Common read‑only roles:

  • Incident → sn_incident_read
  • Problem → sn_problem_read
  • Change → sn_change_read
  • CMDB → cmdb_read
  • snc_read_only (optional safety net)

View solution in original post

4 REPLIES 4

Naveen20
ServiceNow Employee

The snc_read_only grants table-level read ACLs but it does not grant access to the application menus and navigation modules. That's why the Incident table doesn't show up in your nav bar filter even though you technically have read permission on the underlying table.

There are two layers at play here:

1. Table ACL (read access to records)snc_read_only covers this broadly.

2. Application Menu / Module visibility (nav bar entries) — These are controlled by roles assigned on the sys_app_module records. Each navigation module (like "Incident > All") has a "Roles" field that determines who can see it.

For the standard ITSM tables, the modules are gated behind the itil role. That's why snc_read_only alone won't surface them in the navigator.

What you can do depends on your goal:

If you want read-only access with nav visibility, the cleanest approach is to combine snc_read_only with one of these strategies:

  • Grant itil role — This is the simplest fix and gives nav access to Incident, Problem, Change, etc.

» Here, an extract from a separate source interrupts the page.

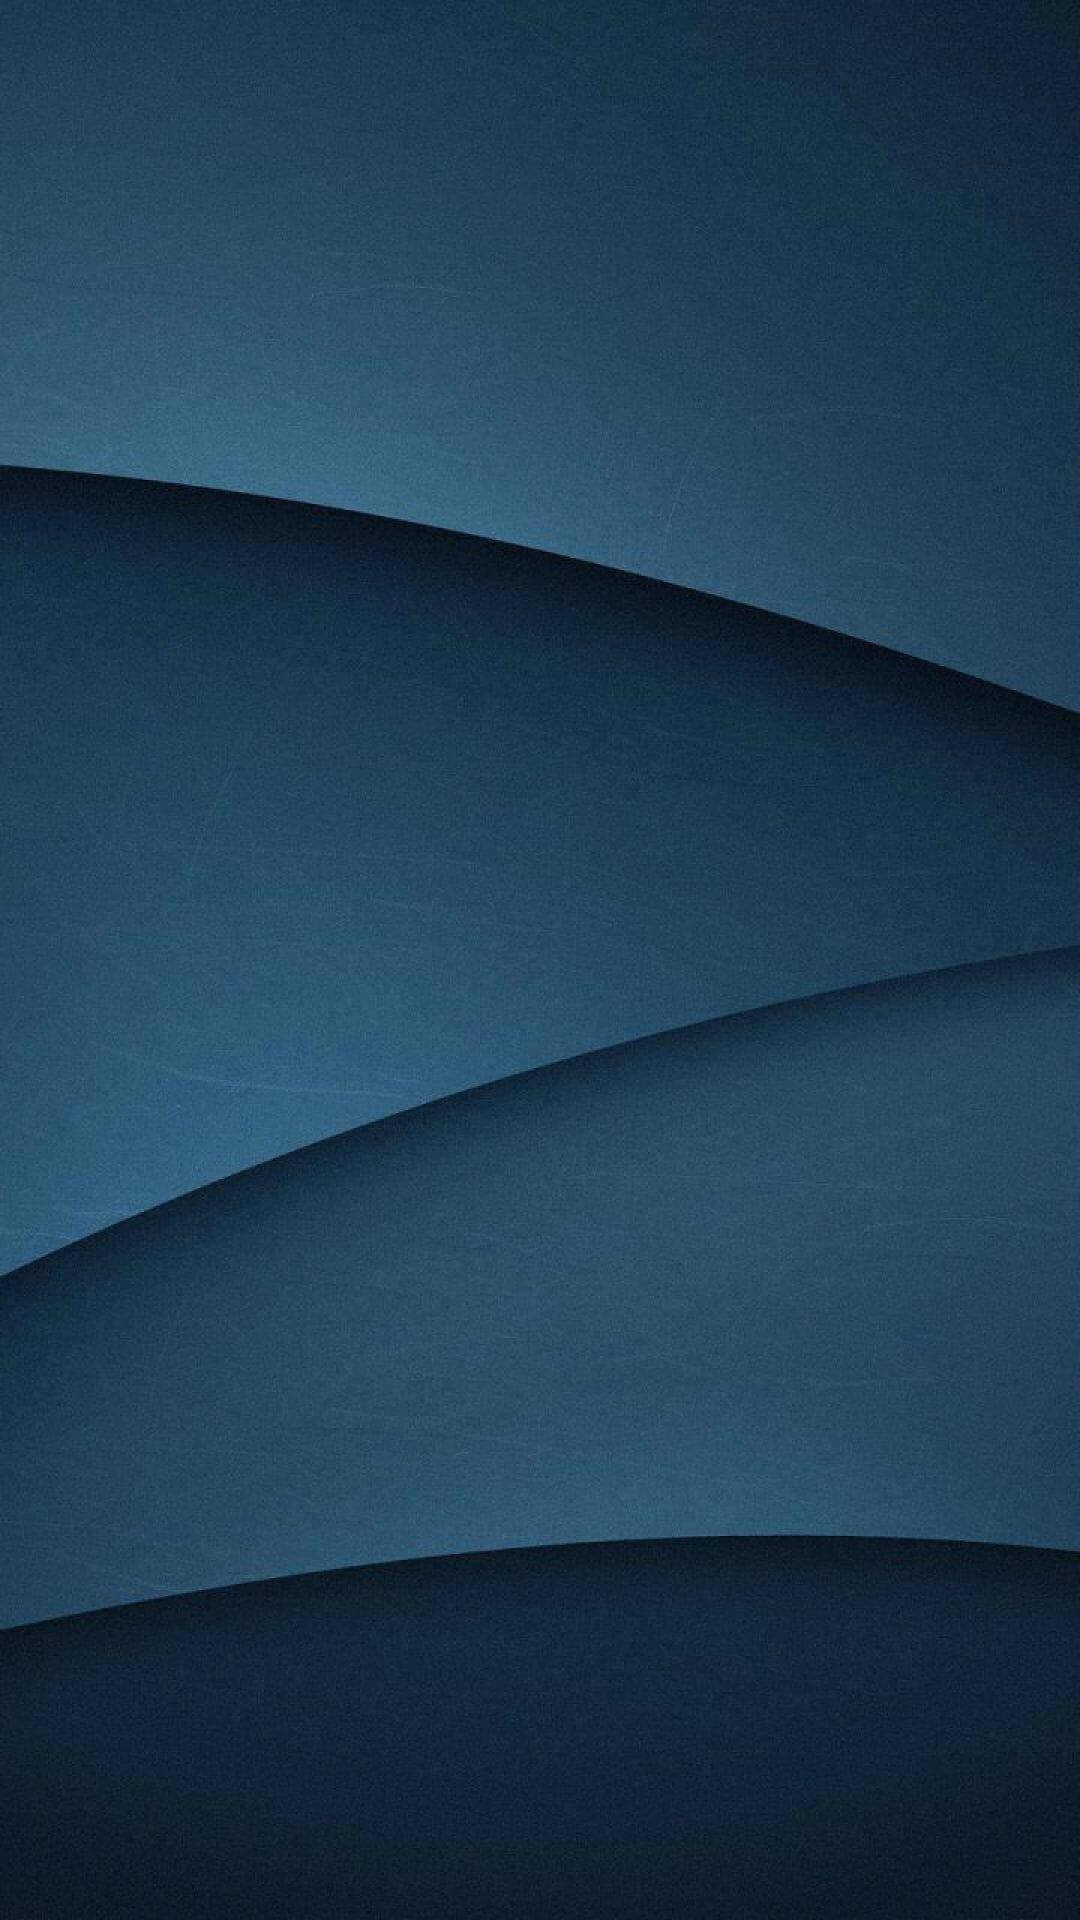 Einblauer Hintergrund Mit Einer Geschwungenen Form Wallpaper

The downside is that itil also grants write access, so you'd need to layer on table-level ACL restrictions or use a read-only variant if available.

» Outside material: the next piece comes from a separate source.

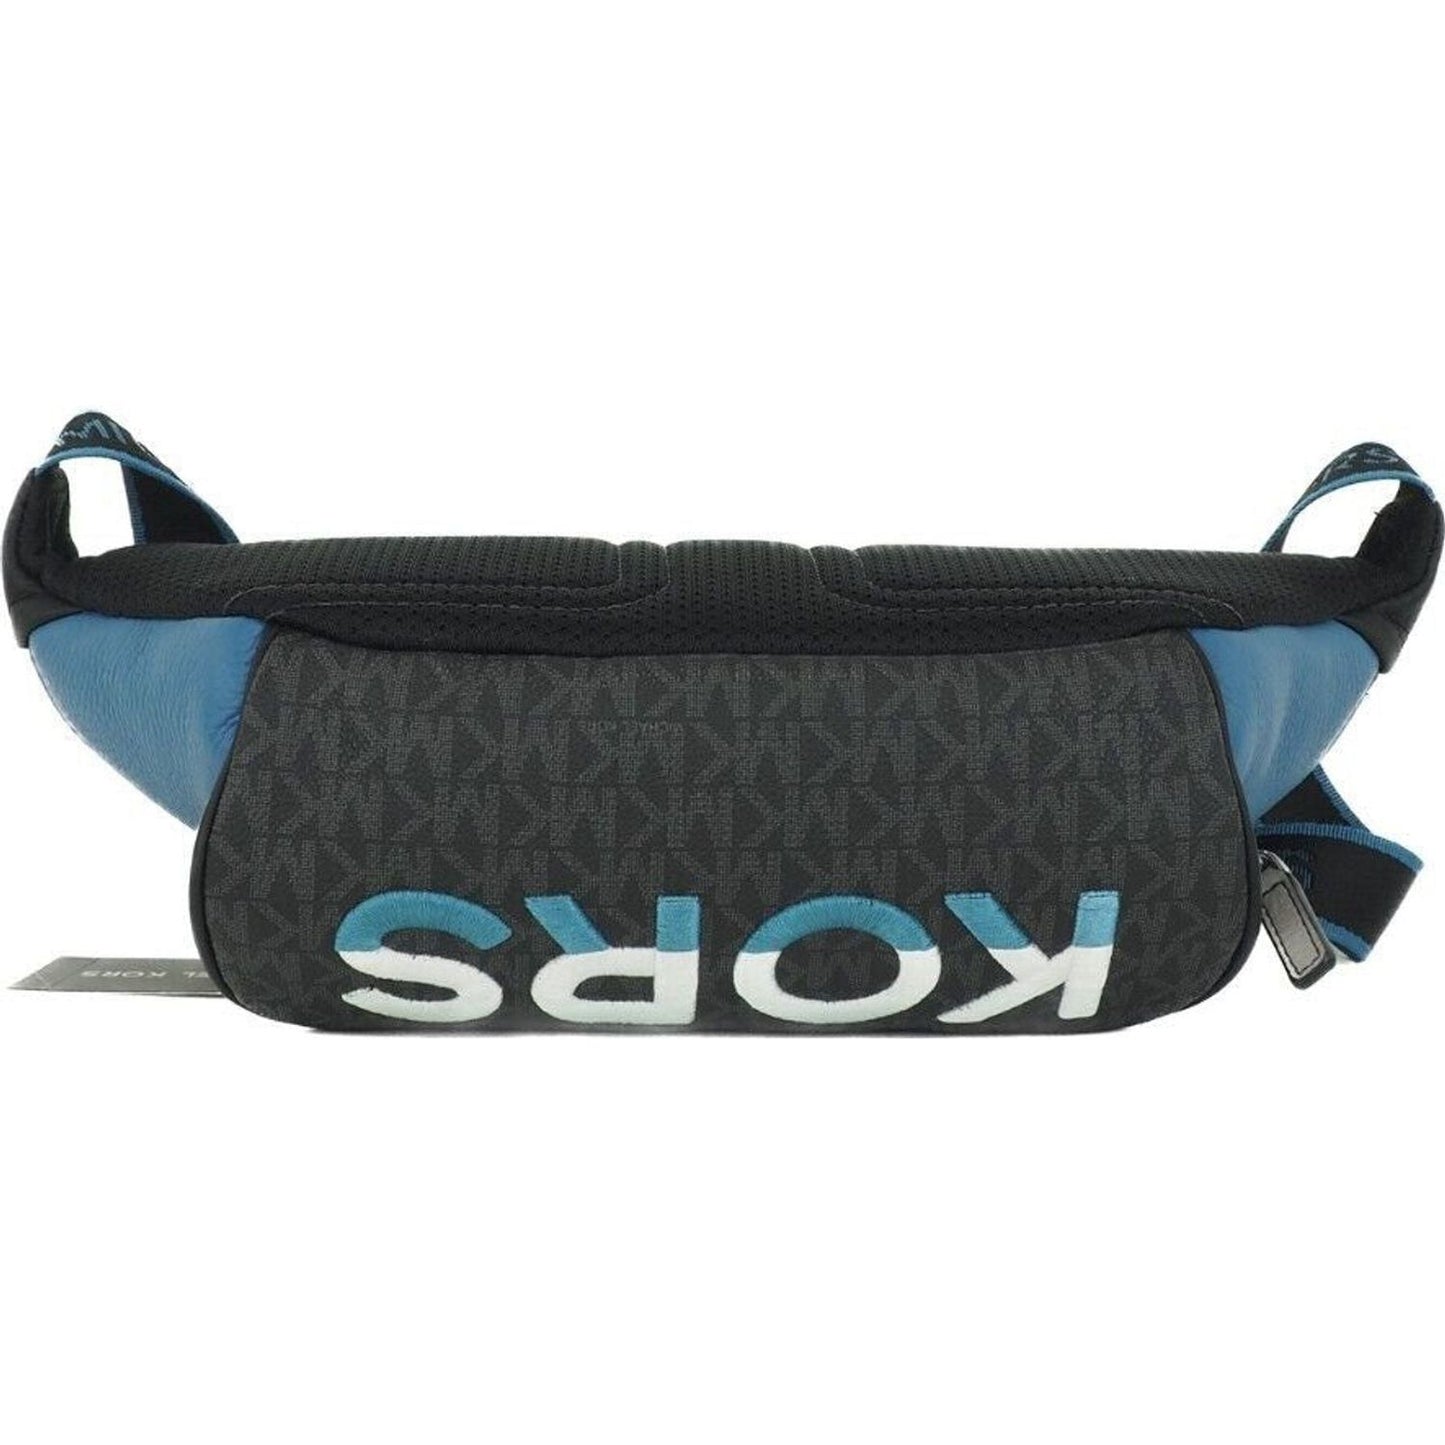 Michael Kors | Cooper Large Blue Multi Leather Embroidered Logo Utility Belt Bag  | McRichard Designer Brands

  • Use module-specific read roles (available in newer releases like Xanadu/Yokohama/Zurich): sn_incident_read, sn_change_read, sn_problem_read. These grant both table read ACLs and navigation module visibility without write permissions.

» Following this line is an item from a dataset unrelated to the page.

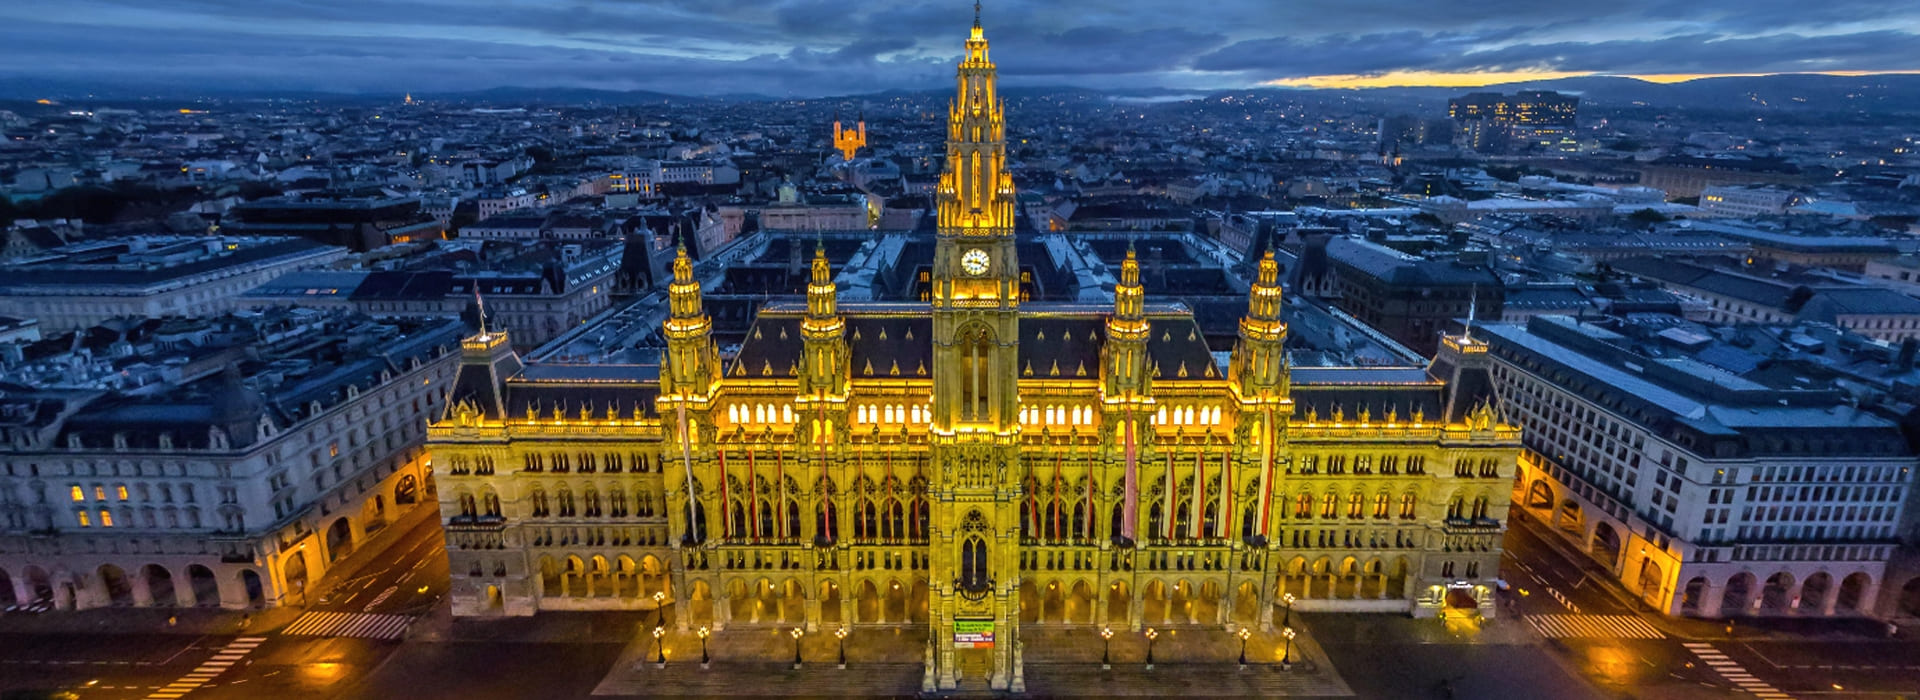 Вена столица австрии достопримечательности фото с описанием

  • Create a custom role that inherits snc_read_only and is manually added to the relevant sys_app_module records' Roles field. This gives you fine-grained control.

 

verification: Navigate to sys_app_module.list, filter where Name = "All" and Application = "Incident", and check the Roles field — you'll see exactly which role is required for that nav entry to appear. That's the missing piece snc_read_only doesn't cover.

If you just need a quick way to access the table without the nav module, you can always type incident.list directly in the nav bar filter — that bypasses module visibility and only checks table-level ACLs, which snc_read_only should satisfy.

Tanushree Maiti
Kilo Patron

Hi @MThomas1 

 

You’re probably unable to see the Incident table in the navigation bar because the user doesn’t have the required base ITIL role or the necessary read access (ACLs) for those tables.

 

Check that- and give/have required access-> It will work.

 

Refer: KB0748343 The read-only role and how to use it \

 

 

Please mark this response as Helpful & Accept it as solution if it assisted you with your question.
Regards
Tanushree Maiti
ServiceNow Technical Architect
Linkedin:

Purvi Kotadiya
Tera Contributor

snc_read_only is a global safety role that prevents create, update, and delete actions across the platform.
It does NOT grant access to any application tables (Incident, Problem, Change, CMDB, etc.), which is why it’s not sufficient on its own.

- To actually see records, you must add table‑specific read roles, optionally combined with snc_read_only for safety.

Common read‑only roles:

  • Incident → sn_incident_read
  • Problem → sn_problem_read
  • Change → sn_change_read
  • CMDB → cmdb_read
  • snc_read_only (optional safety net)

MThomas1
Tera Expert

Thank you all and appreciate your support and guideance with detailed explanation.